Serenity Strull/BBC/Getty Images Hands typing on a typewriter (Credit: Serenity Strull/BBC/Getty Images)
Serenity Strull/BBC/Getty Images

(Credit: Serenity Strull/BBC/Getty Images)

If you're worried about how AI will affect your job, the world of copywriters may offer a glimpse of the future.

Writer Benjamin Miller – not his real name – was thriving in early 2023. He led a team of more than 60 writers and editors, publishing blog posts and articles to promote a tech company that packages and resells data on everything from real estate to used cars. "It was really engaging work," Miller says, a chance to flex his creativity and collaborate with experts on a variety of subjects. But one day, Miller's manager told him about a new project. "They wanted to use AI to cut down on costs," he says. (Miller signed a non-disclosure agreement, and asked the BBC to withhold his and the company's name.)

A month later, the business introduced an automated system. Miller's manager would plug a headline for an article into an online form, an AI model would generate an outline based on that title, and Miller would get an alert on his computer. Instead of coming up with their own ideas, his writers would create articles around those outlines, and Miller would do a final edit before the stories were published. Miller only had a few months to adapt before he got news of a second layer of automation. Going forward, ChatGPT would write the articles in their entirety, and most of his team was fired. The few people remaining were left with an even less creative task: editing ChatGPT's subpar text to make it sound more human.

By 2024, the company laid off the rest of Miller's team, and he was alone. "All of a sudden I was just doing everyone's job," Miller says. Every day, he'd open the AI-written documents to fix the robot's formulaic mistakes, churning out the work that used to employ dozens of people.

In numerous industries, AI is being used to produce work that was once the exclusive domain of the human mind

"Mostly, it was just about cleaning things up and making the writing sound less awkward, cutting out weirdly formal or over-enthusiastic language," Miller says. "It was more editing than I had to do with human writers, but it was always the exact same kinds of edits. The real problem was it was just so repetitive and boring. It started to feel like I was the robot."

Miller's experience reflects a broader shift. In numerous industries, AI is being used to produce work that was once the exclusive domain of the human mind. AI is often less expensive than a person, but early adopters are quick to learn it can't always perform on the same level. Now, people like Miller are finding themselves being asked to team up with the same robots that are stealing their jobs to give the algorithms a bit of humanity – a hidden army making AI seem better than it really is.

If AI gets dramatically more effective, this will be a temporary solution. If it doesn't, Miller's story could be a preview of what's coming to other professions.
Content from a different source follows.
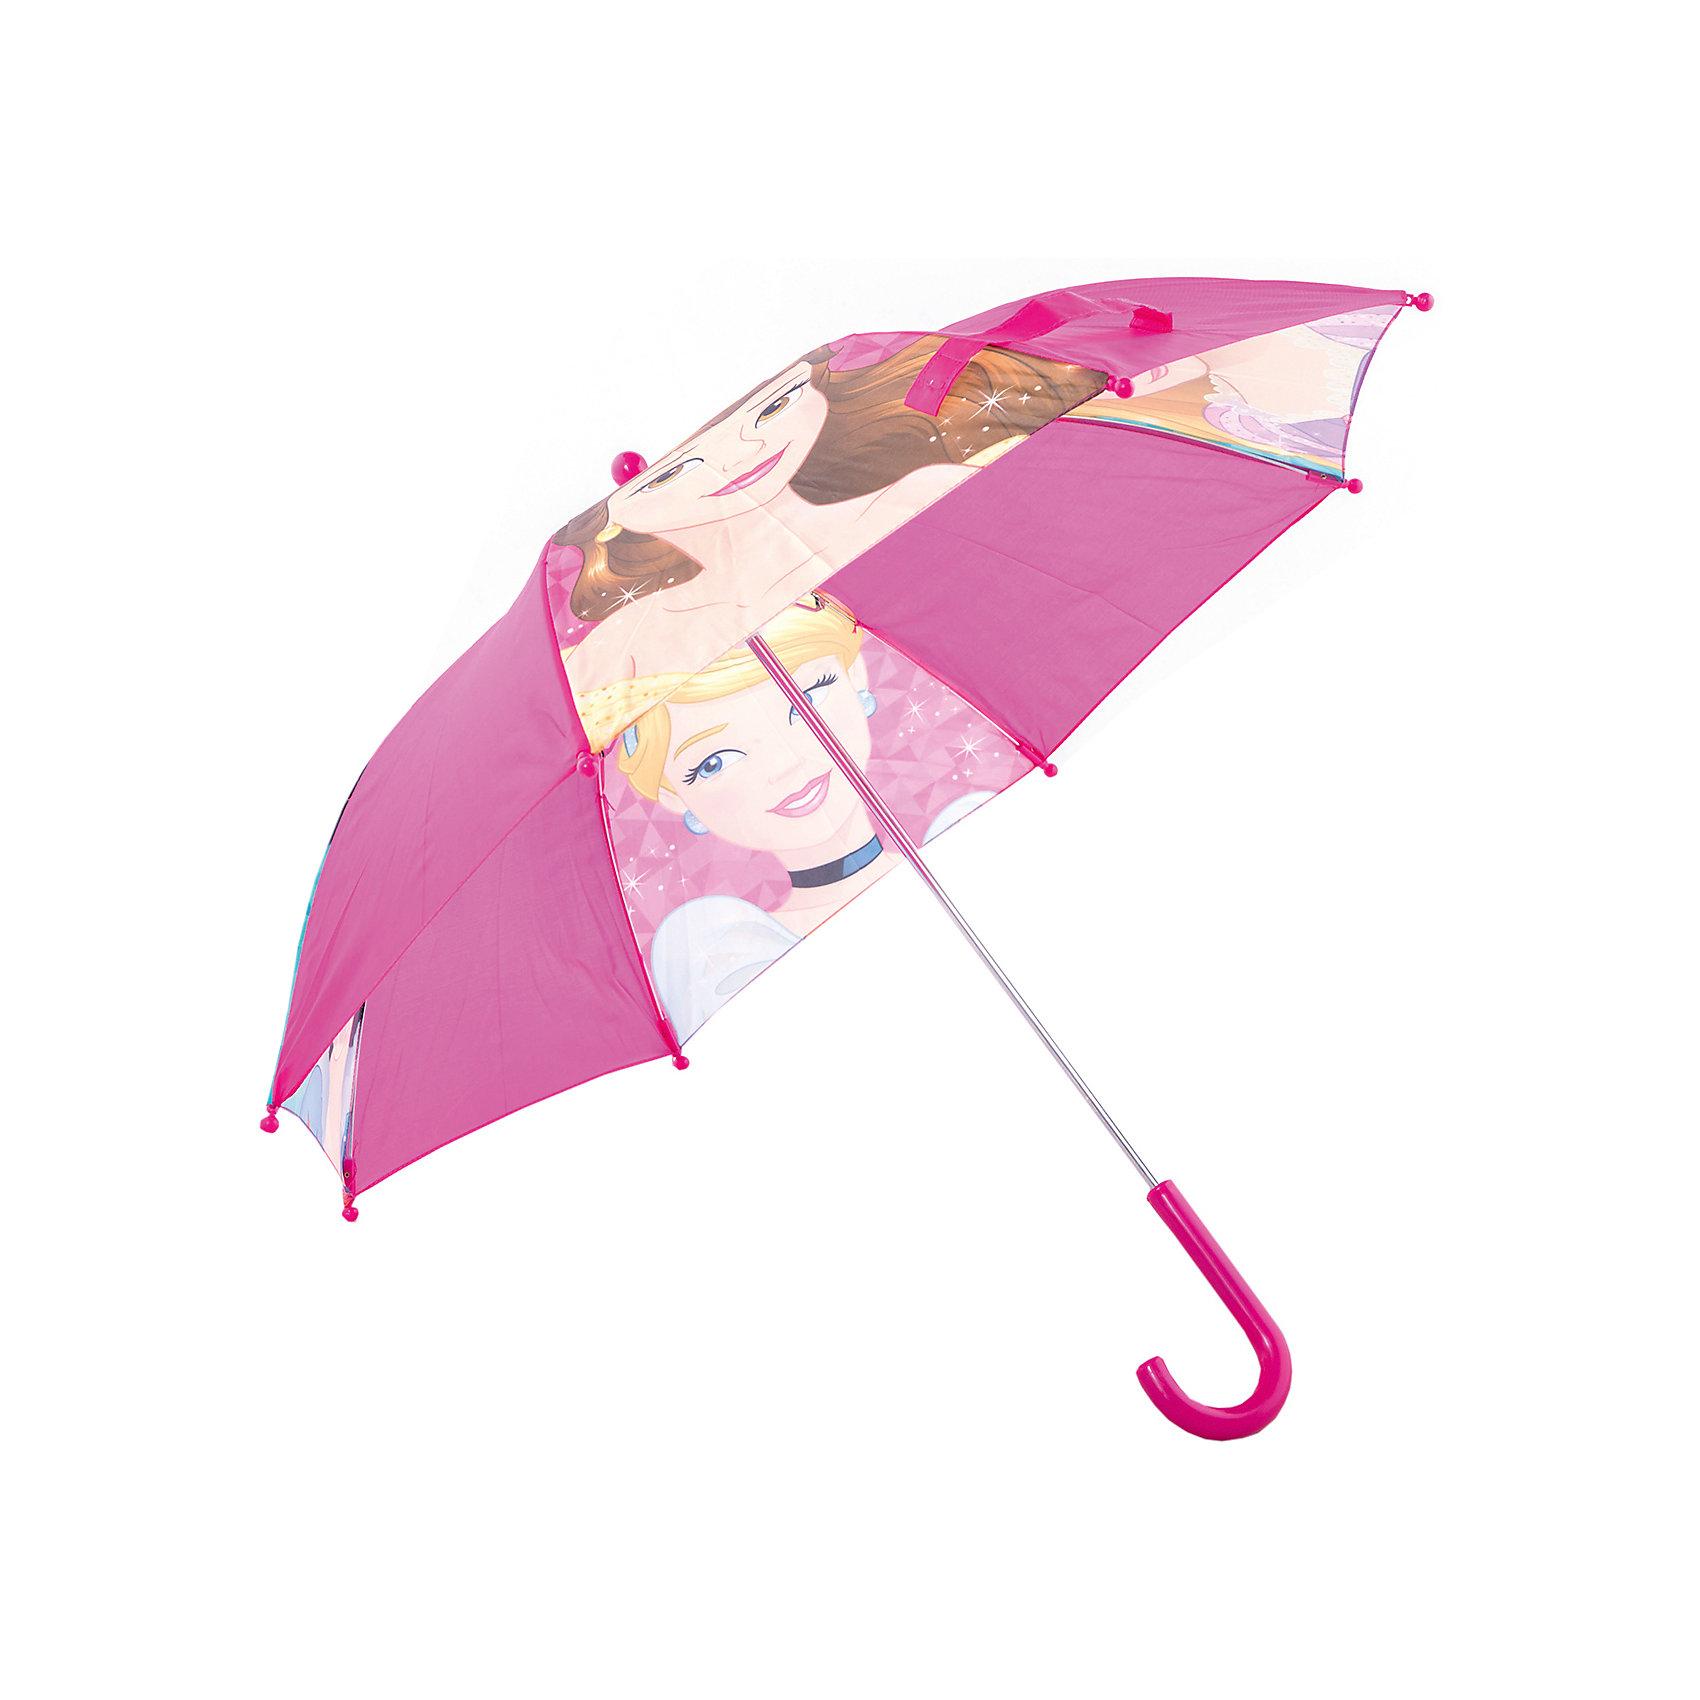 Зонт-трость 37,5 см., Disney PrincessЗонты детские<br>Компактный детский зонтик-трость станет замечательным подарком для Вашего чада и защитит его не только от дождя, но и от солнца. Красочный дизайн зонтика поднимет настроение и станет незаменимым атрибутом прогулки. Ребенок сможет сам открывать и закрывать зонтик, благодаря легкому механизму, а оригинальная расцветка зонтика привлечет к себе внимание. Тип механизма: механический (открывается/закрывается вручную). Конструкция зонта: зонт-трость. Материал: пластик, полиэстер, металл.<br>Диаметр купола: 68 см<br><br>Ширина мм: 75<br>Глубина мм: 60<br>Высота мм: 550<br>Вес г: 211<br>Возраст от месяцев: 36<br>Возраст до месяцев: 36<br>Пол: Женский<br>Возраст: Детский<br>SKU: 5529355

Serenity Strull/BBC/Getty Images Copywriters are at the forefront of a new line of work: human-AI collaboration (Credit: Serenity Strull/BBC/Getty Images)
Serenity Strull/BBC/Getty Images

Copywriters are at the forefront of a new line of work: human-AI collaboration (Credit: Serenity Strull/BBC/Getty Images)

Will AI steal your job? It's hard to say. We're at an unsettling crossroads, where some experts warn that super intelligent robots will soon replace most human work, while others believe the technology may never even approach that point. There are also some who argue we are heading towards a future of AI and human collaboration rather than competition.

But on a much smaller scale, some workers already face distressing consequences. If there's one thing the large language models powered by generative AI can do, it's string together words and paragraphs, putting some writers on the frontline.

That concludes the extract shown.